» YOUR OBJECTIVE
Skip every picture, and copy exactly the lines from the one containing "Flyer image of 5% art exhibition" to the end of the data.

» RECORDED DATA
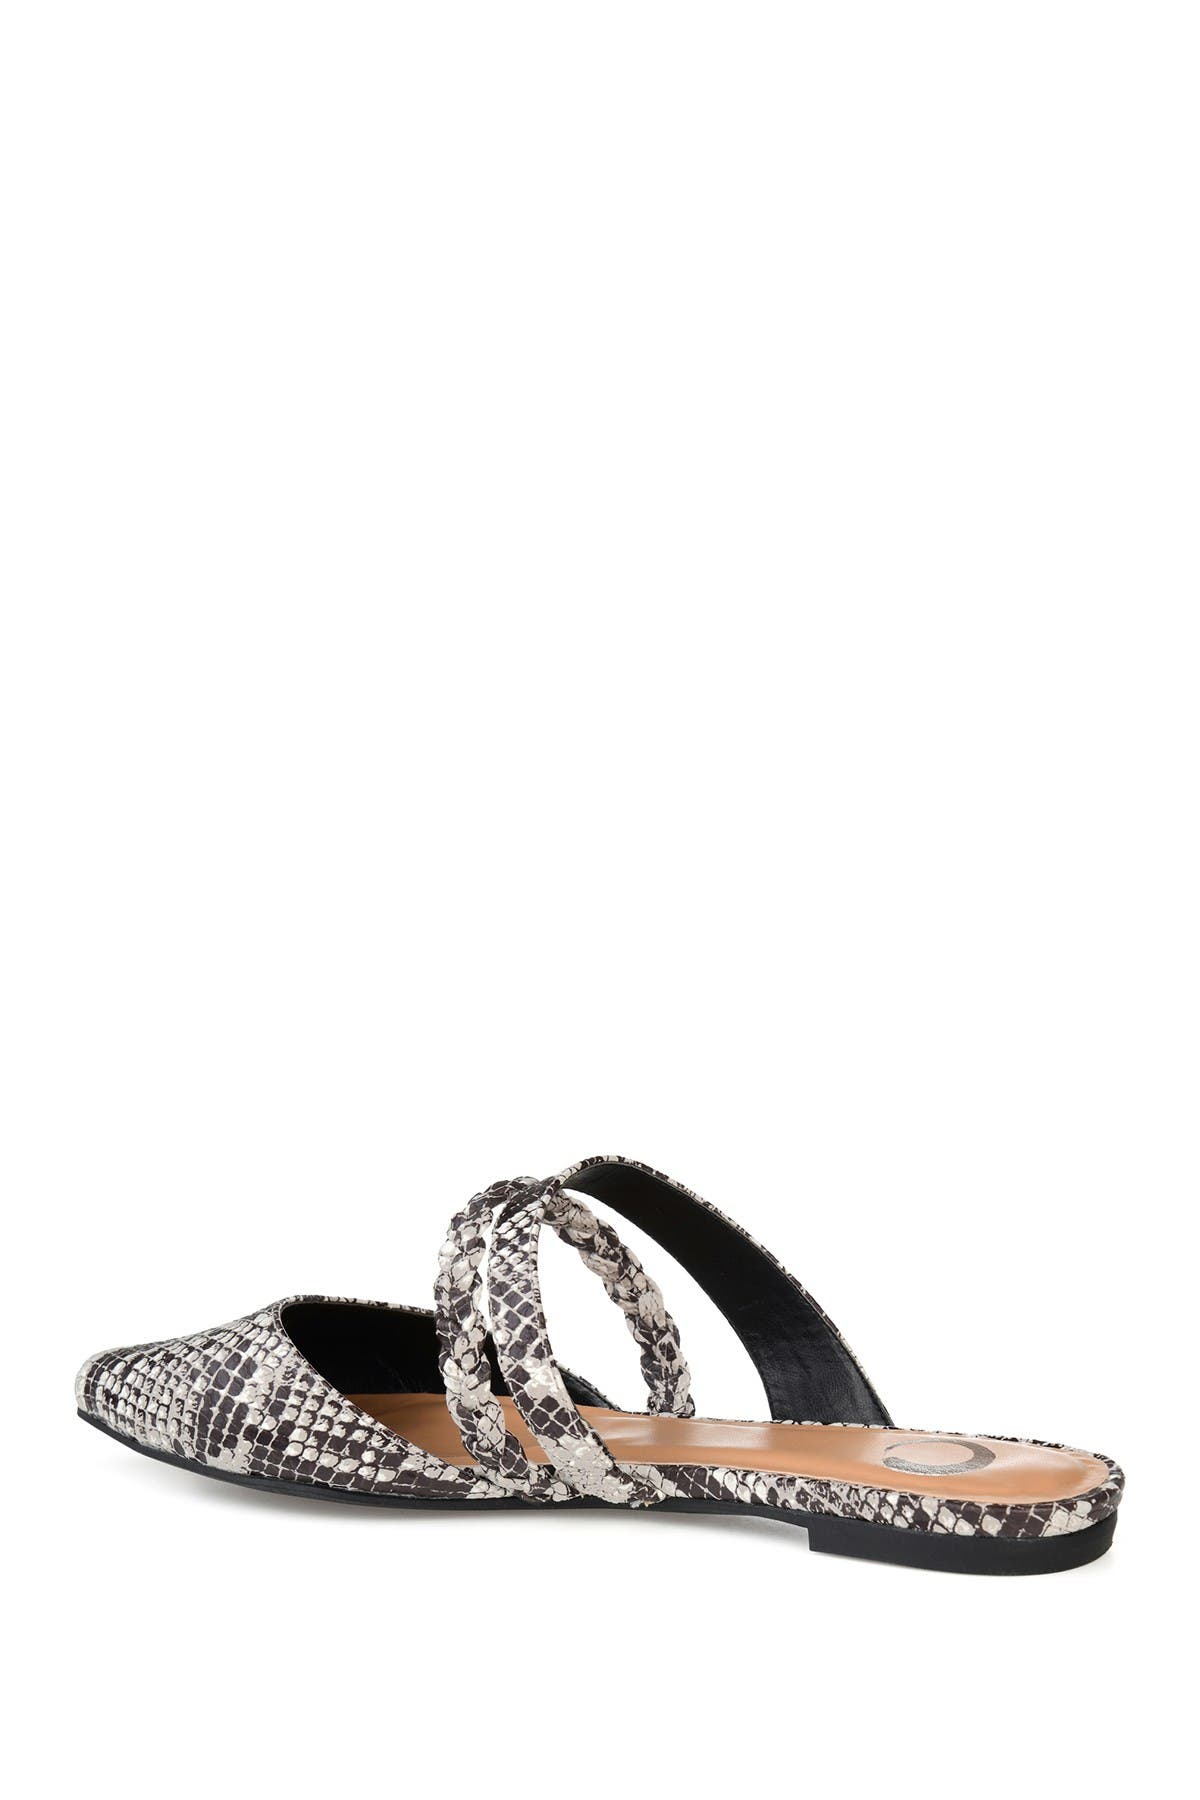 Journee Collection Olivea Braided Strap Mule In Open Miscellaneous1
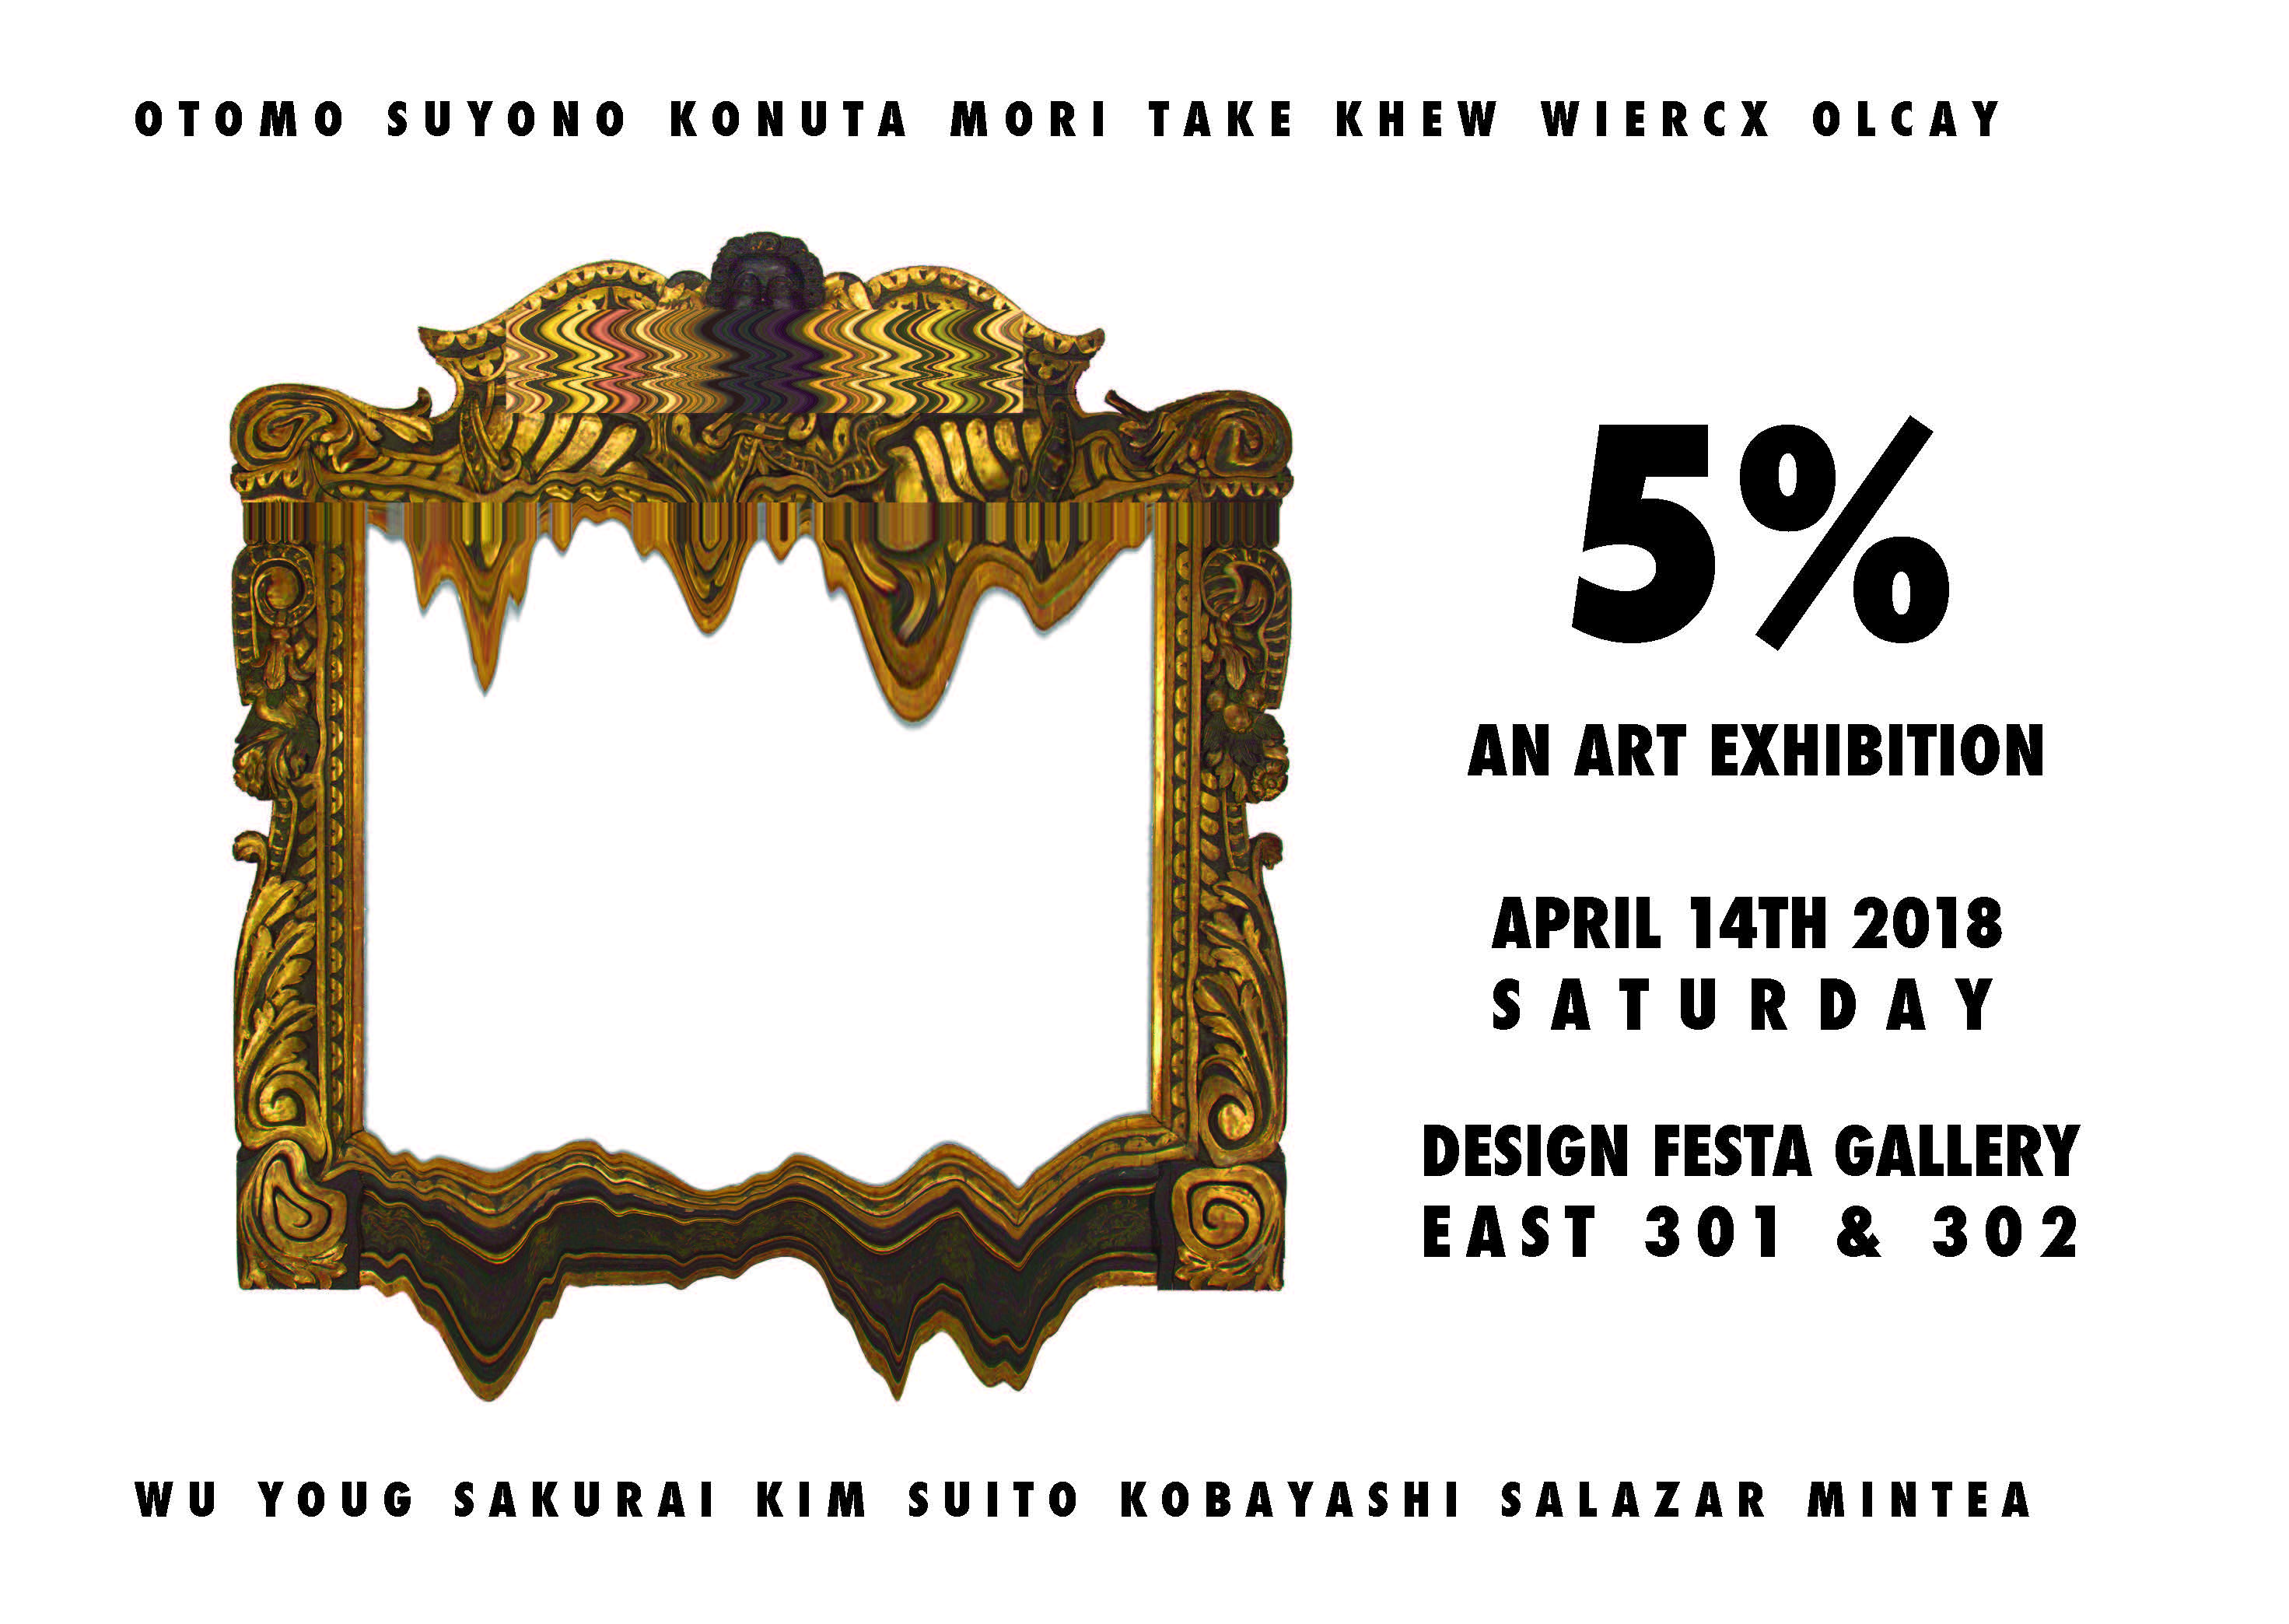 Flyer image of 5% art exhibition
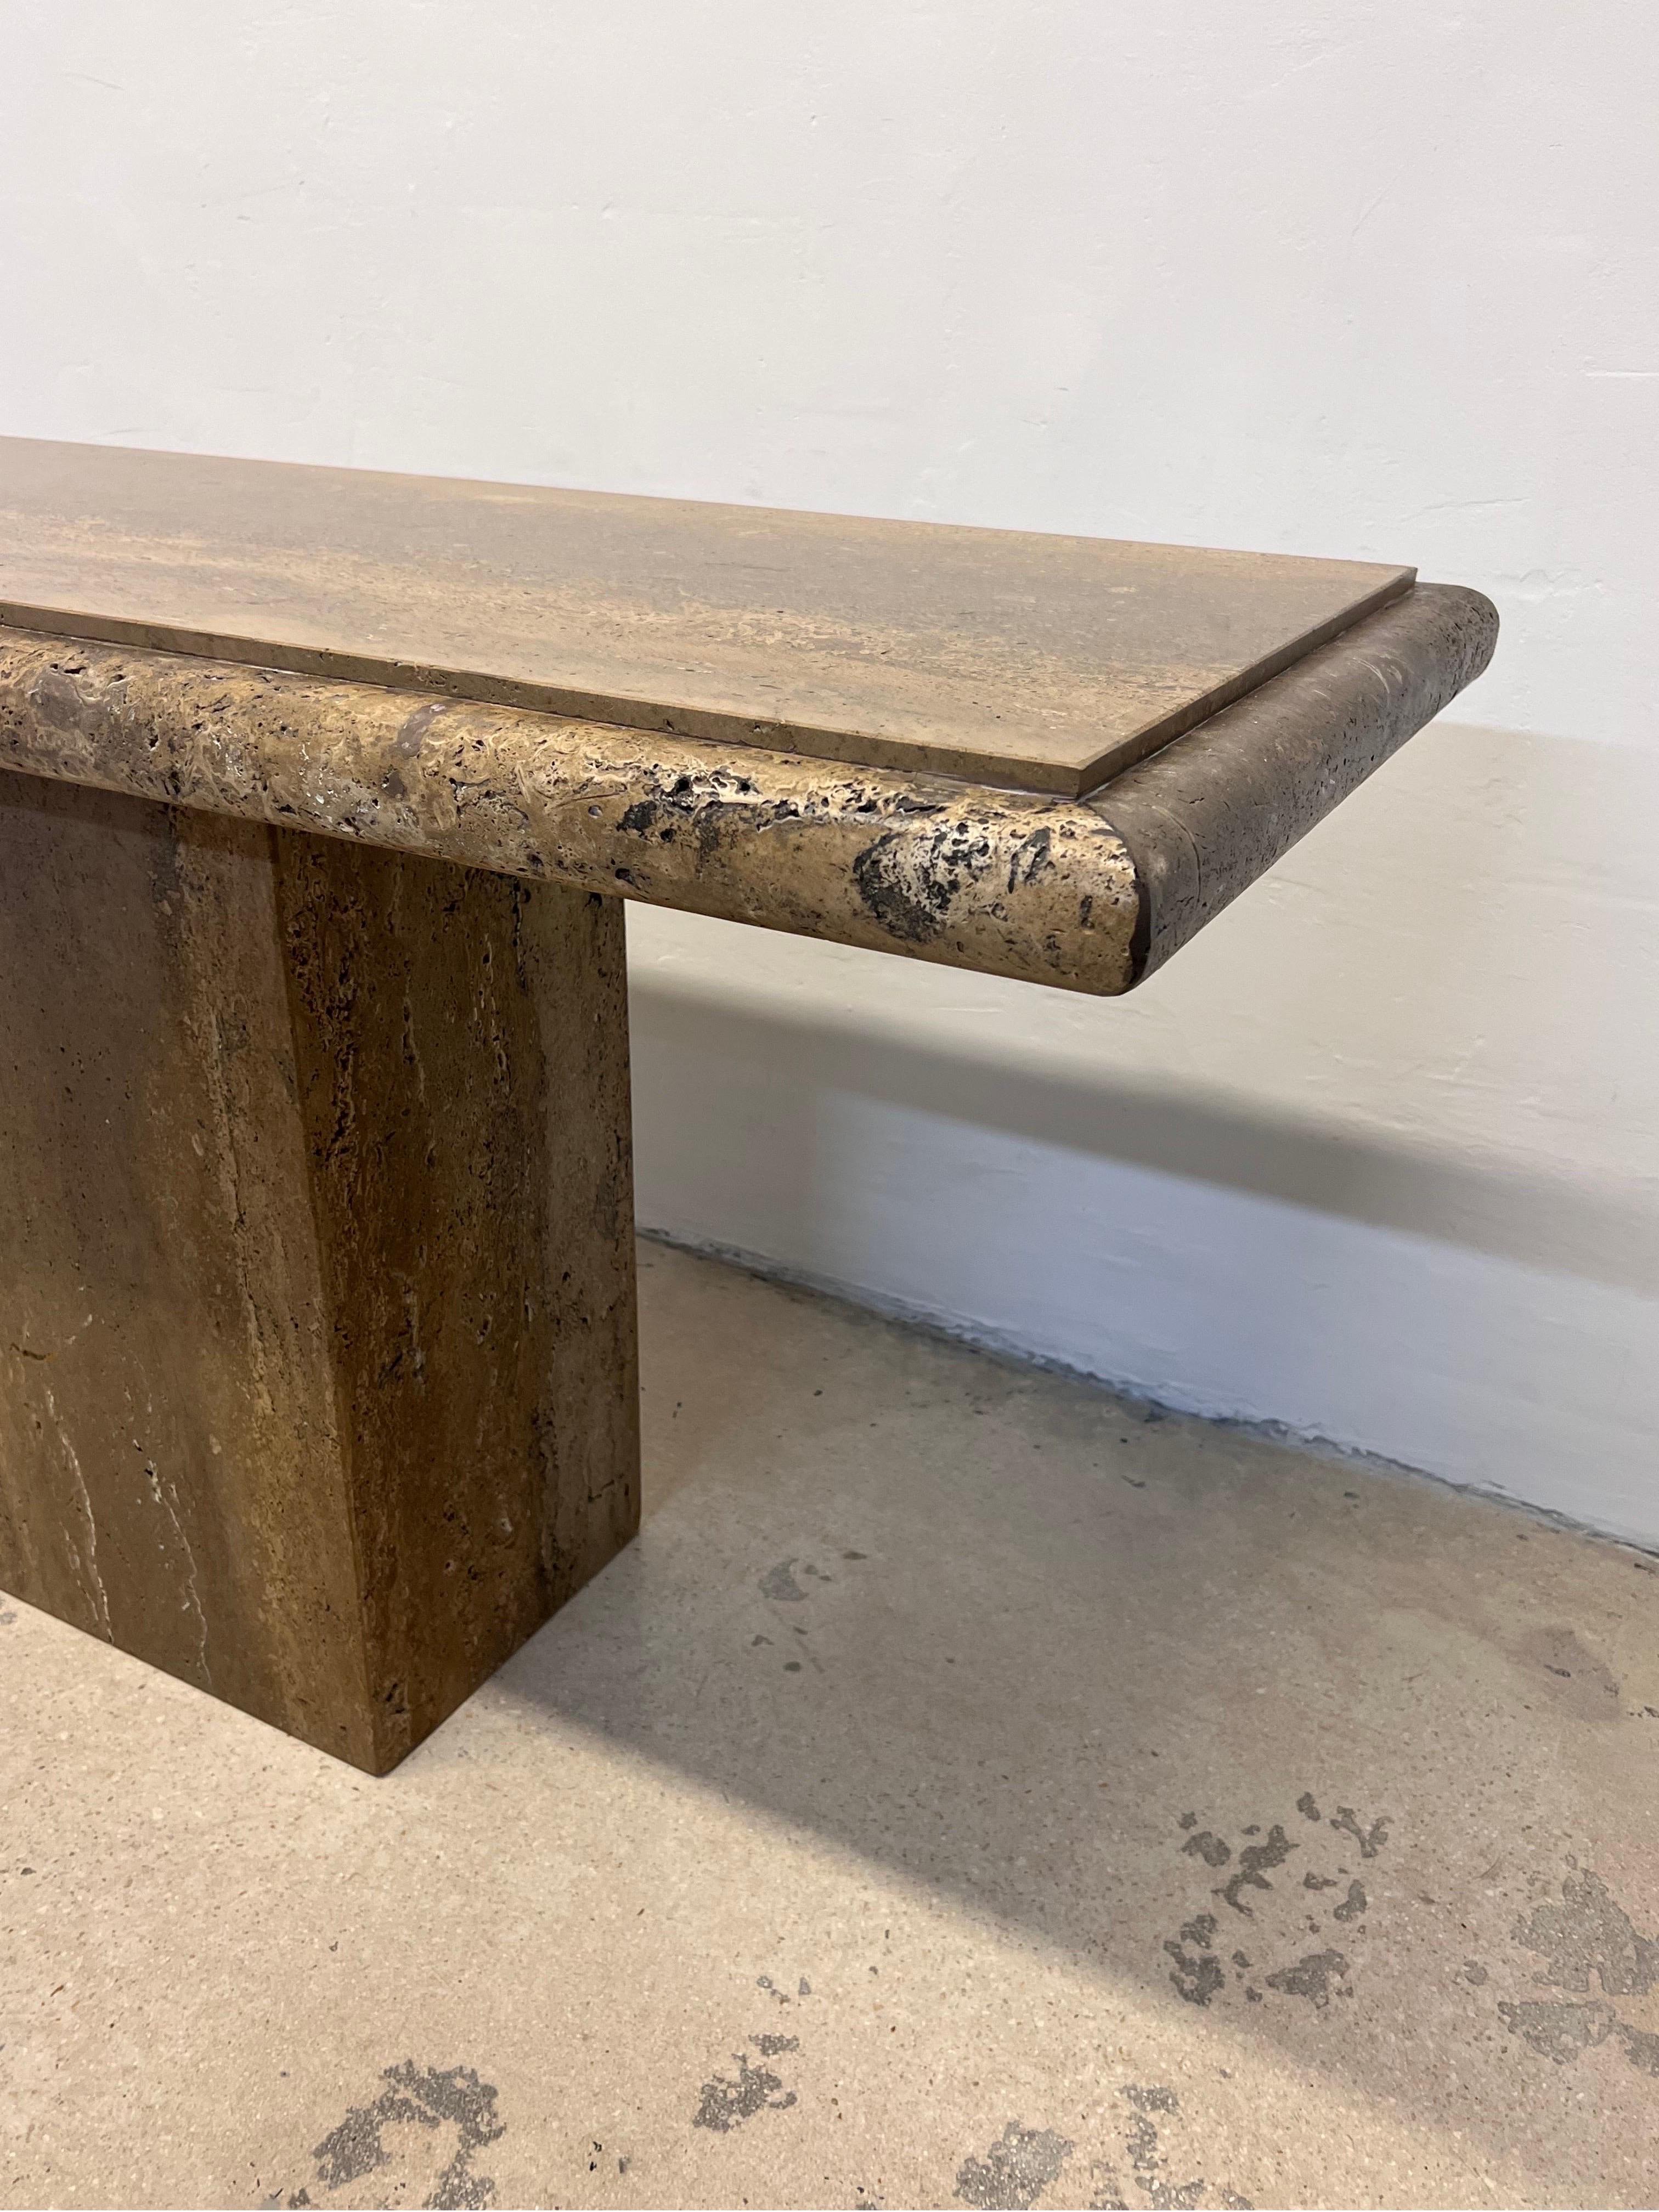 Polished Italian Travertine Bullnose Console Table, Italy 1970s For Sale 3

» EXPECTED ANSWER
 Flyer image of 5% art exhibition
 Polished Italian Travertine Bullnose Console Table, Italy 1970s For Sale 3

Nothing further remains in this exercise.